All online & phone services for ending or transferring mobile contracts are of
course overloaded and currently unavailable in France. FreeMobile's
registration webpage (<http://mobile.free.fr>) has been unavailable for the
past 5 hours. Figures fly on twitter, as apparently about 1.5 million people
tried to access it this morning.

Streaming figures for the live keynote amount to 80Gb/seconds over 300
servers, Online.net representative @Online_fr said on twitter. Apparently
600,000 people watched the keynote live, Online.net even claimed it's a world
record. (Online.net = Iliad/Free subsidiary dedicated to hosting services)

You are indeed witnessing Market Disruption - that or a highly successful
launch, maybe a bit too successful :)

------
GuiA
I'm French, and moved to the US a couple years ago.

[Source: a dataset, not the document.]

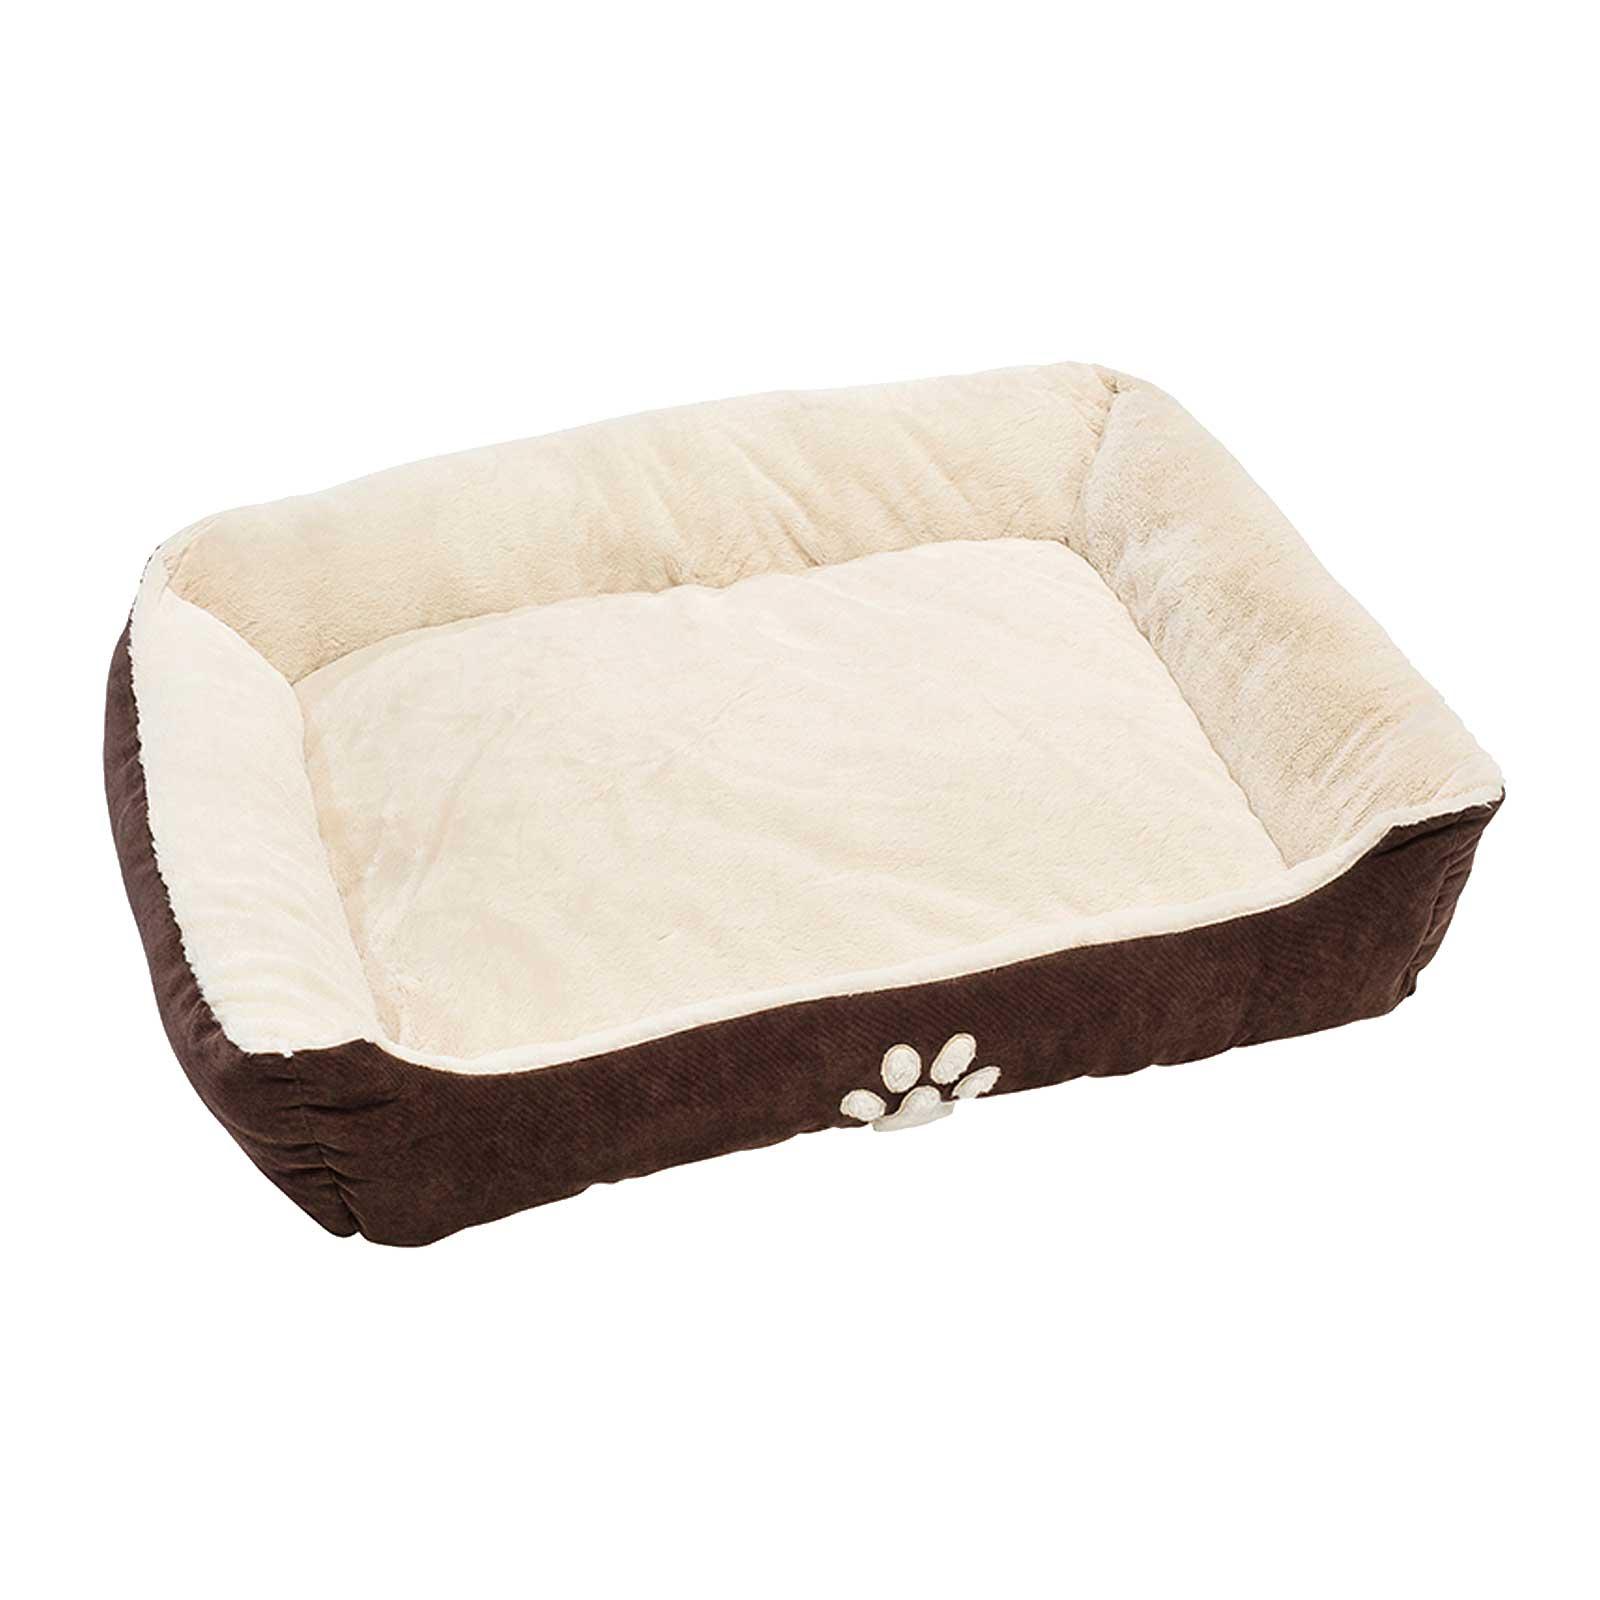 Hunde Luxus Kissen Hundebett 90 x 70 x 20 cm, Braun

The high price and
awkwardness of internet and mobile phone offers here compared to France is one
of the biggest tech differences that struck me, as I always had imagined that
the US would be far ahead.

I still don't own a smartphone (I use Google Voice most of the time at
home/work, and a pay-as-you-go phone the rest of time), because the offers and
price just don't make sense to me.

It's clearly a market that's ripe for disruption, and there are a couple
interesting and promising startups in that space, although I'm not sure how
likely it is to change given the huge monopoly and control the carriers have
consistently had.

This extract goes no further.